Policy is a function from states to actions. It could be deterministic or stochastic.

How to compare policies? According to the reward function. Several strategies to use the reward function

  • sum up the rewards and fix a certain number of future steps.
    • if not fixing a certain step number, the summation could diverge, cannot be compared.
    • This is a generalization of naive greedy. Question: what is the certain number? why others?
  • count more on the current step than those in future. Discount calculation. How to make discounts?
    $$
    \mathbb{E}[r(X_0,\pi(X_0))+\gamma r(X_1,\pi(X_1))+\gamma^2r(X_2,\pi(X_2))+\cdots]
    $$

Assuming that, we have a strategy to score policy, then, what is the optimal policy?

Value function

Given the starting state x, try to evaluate a policy from a long term view:

$$
V^{\pi}(x)=J(\pi|X_0=x)=\mathbb{E}[\sum_{t=0}^{\infty}\gamma^t r(X_t,\pi(X_t))|X_0=x]
$$
This is a function on the state. Each state is mapped to one value.
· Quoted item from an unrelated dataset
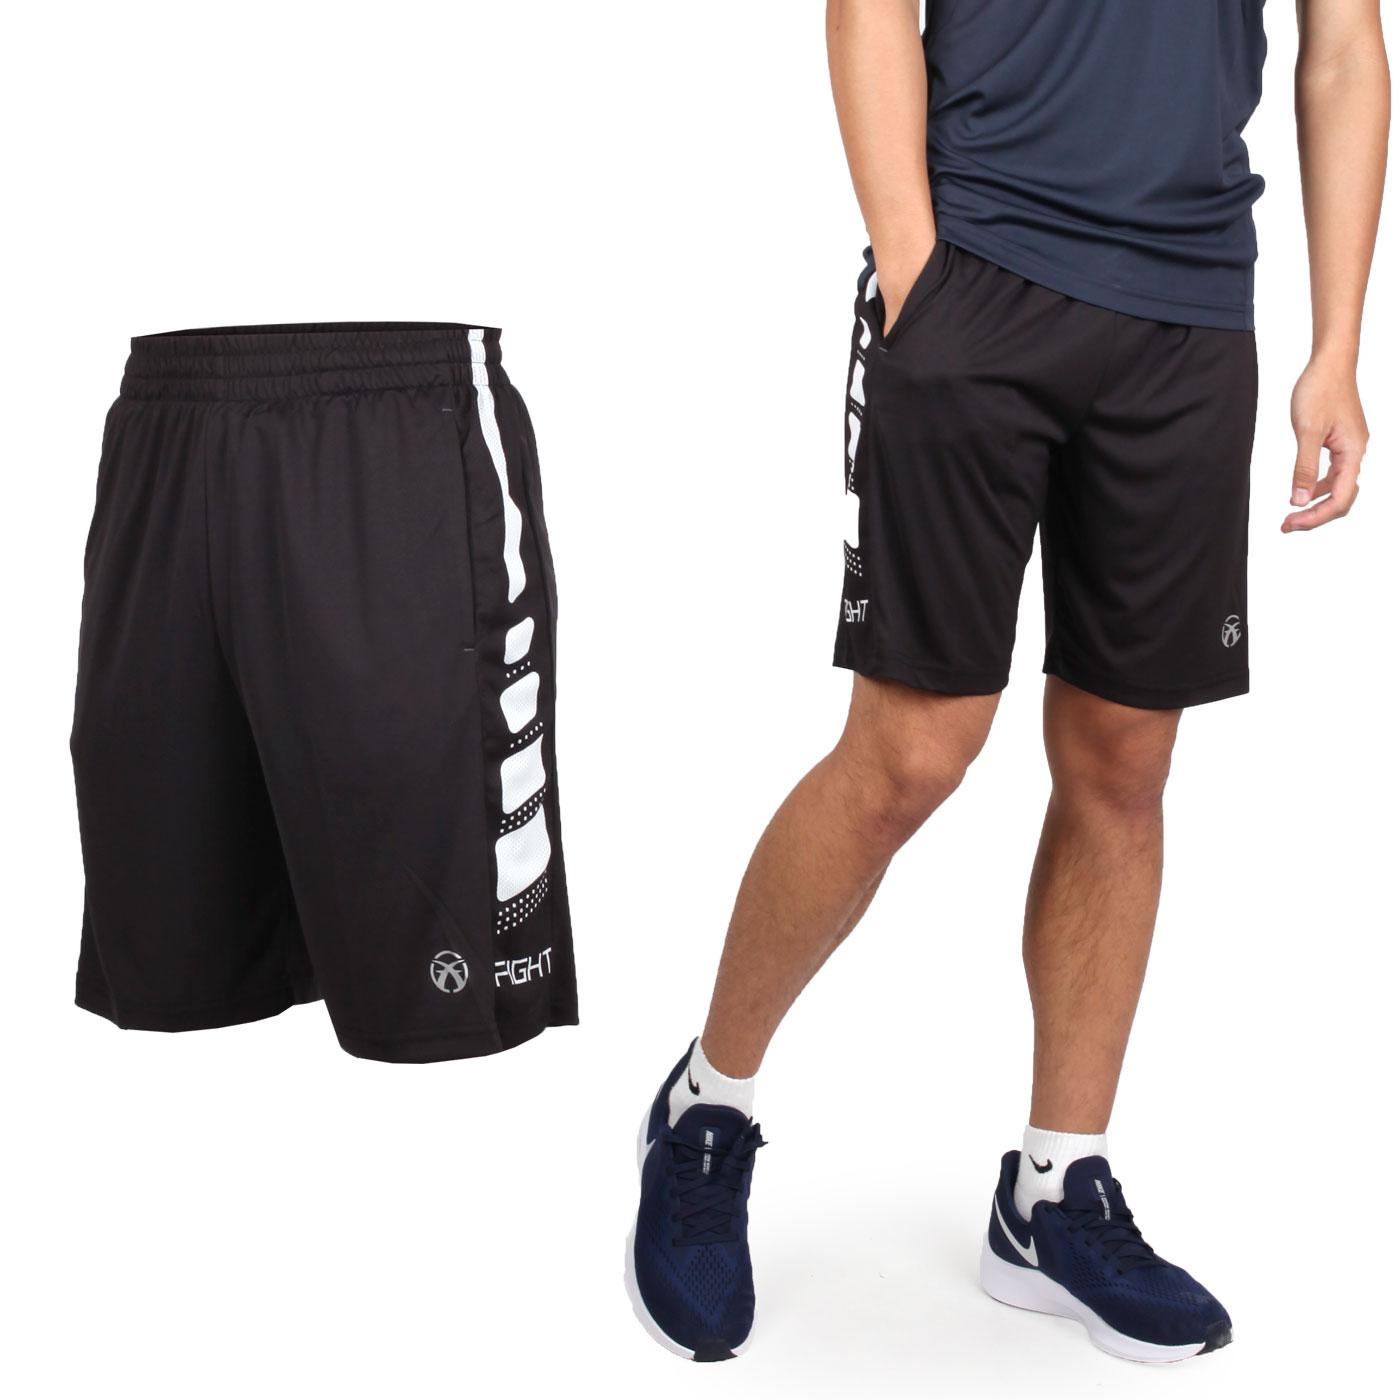 FIRESTAR 男款吸濕排汗籃球短褲 B9201-18 - 黑白
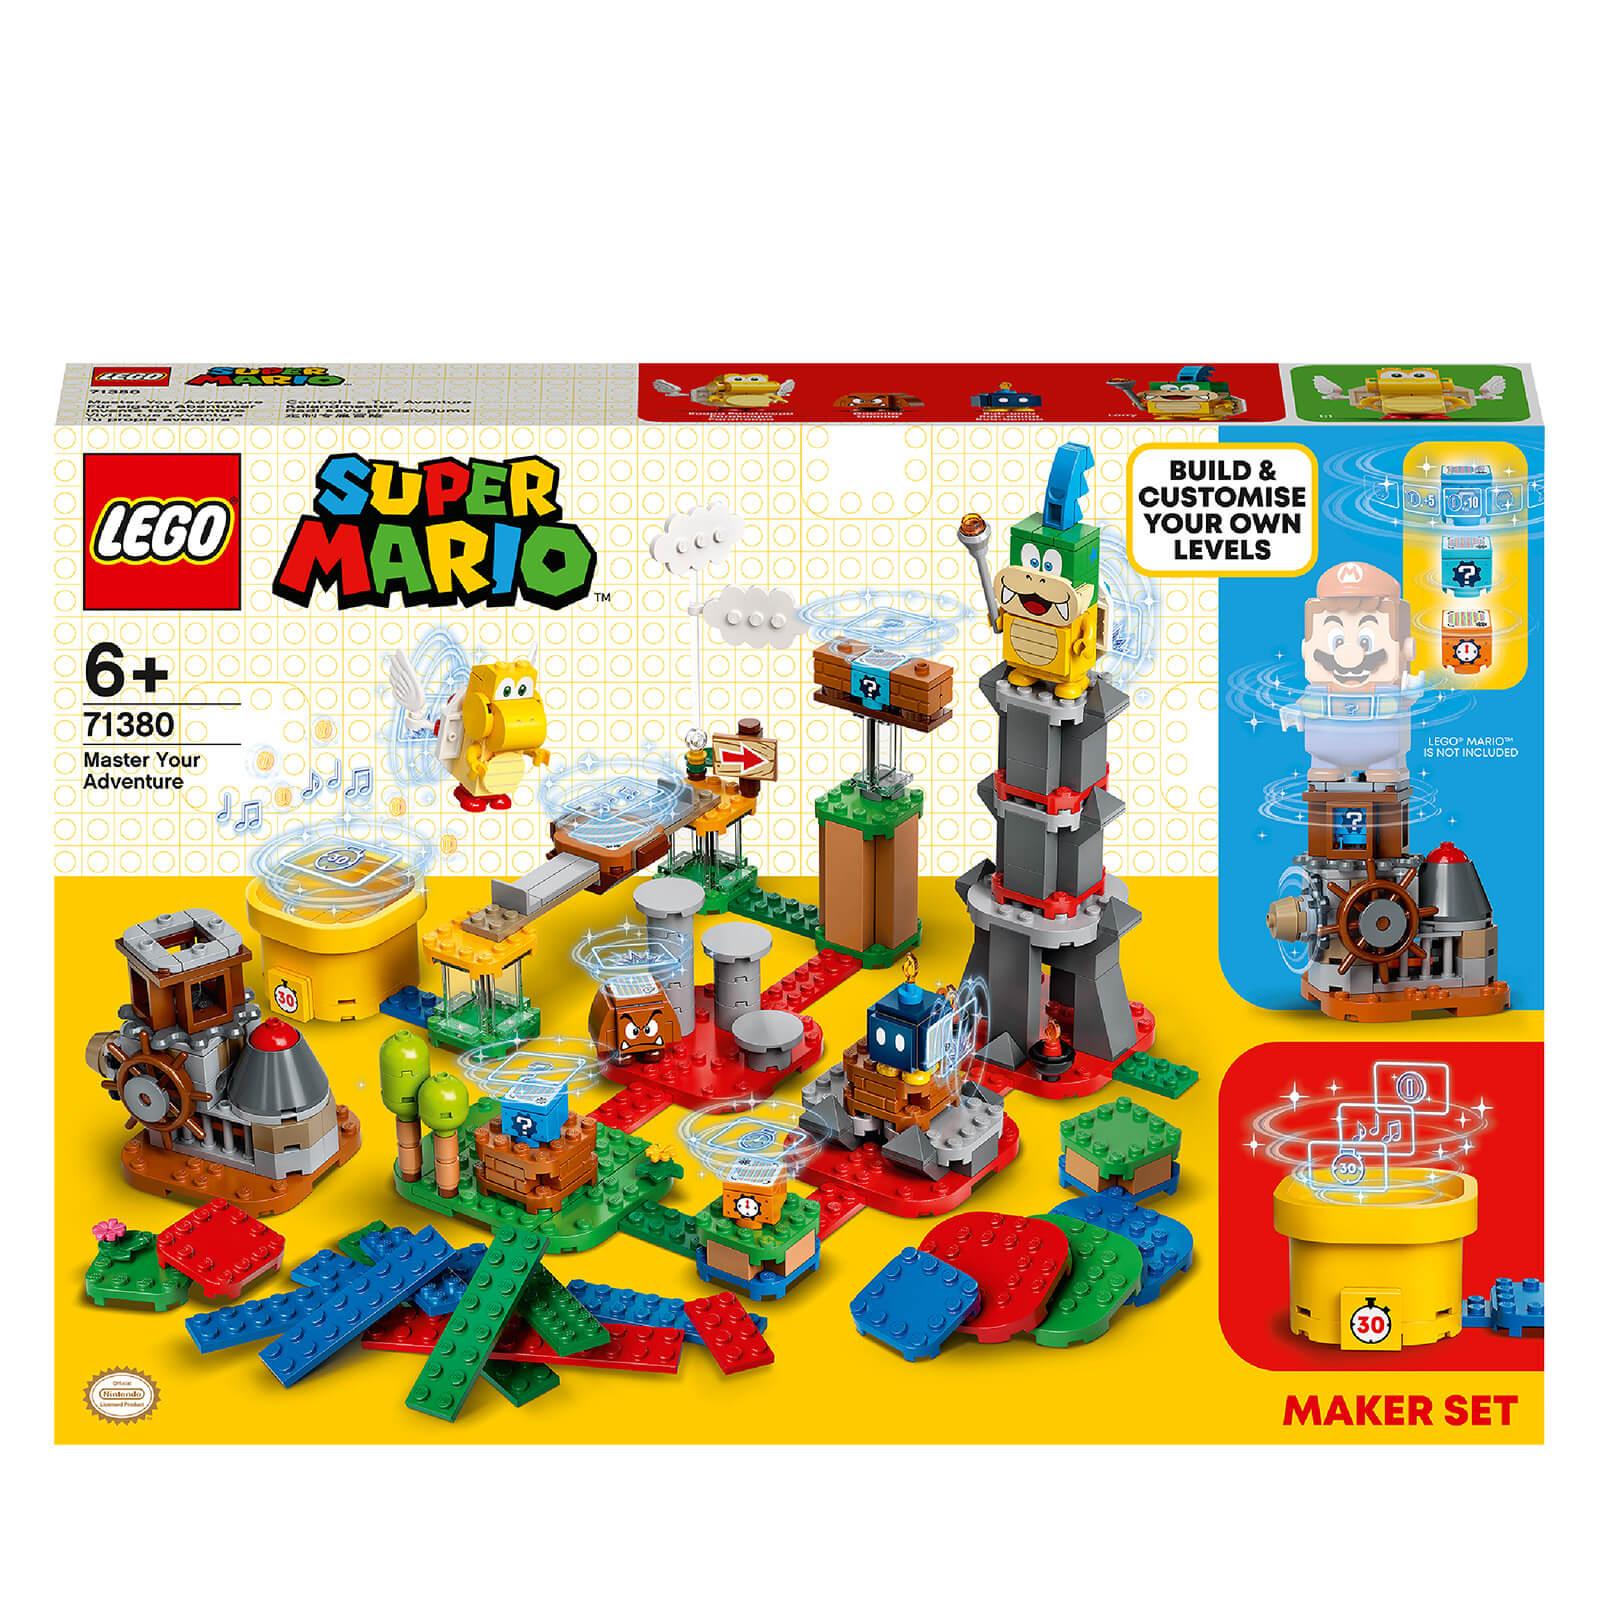 Image of LEGO Super Mario Master Your Adventure Maker Set (71380)

It has recursive relation. What is recursion?

$$
V^{\pi}(x)=r(x,\pi(x))+\gamma\sum_{x’}\Pr[x’|x,\pi(x)]V^{\pi}(x’)
$$

Solution

How to solve this function?

Supposing there are finite states with n states. Then, this is a group of n linear functions with n unknown variables, which have a unique solution when $\gamma<1$.

  • for any given start state, we can have the value of the policy
  • if the start state is random, we can take the expectation of the policy’s value.

Policy finding

So far, we know given a policy how to evaluate it. Then, how to find the best policy?

  • A simple algorithm

    1. for every policy pi compute $J(\pi)=\sum_x\Pr[X_0=x]V^{\pi}(x)$
    2. pick the policy with the maximum expected value.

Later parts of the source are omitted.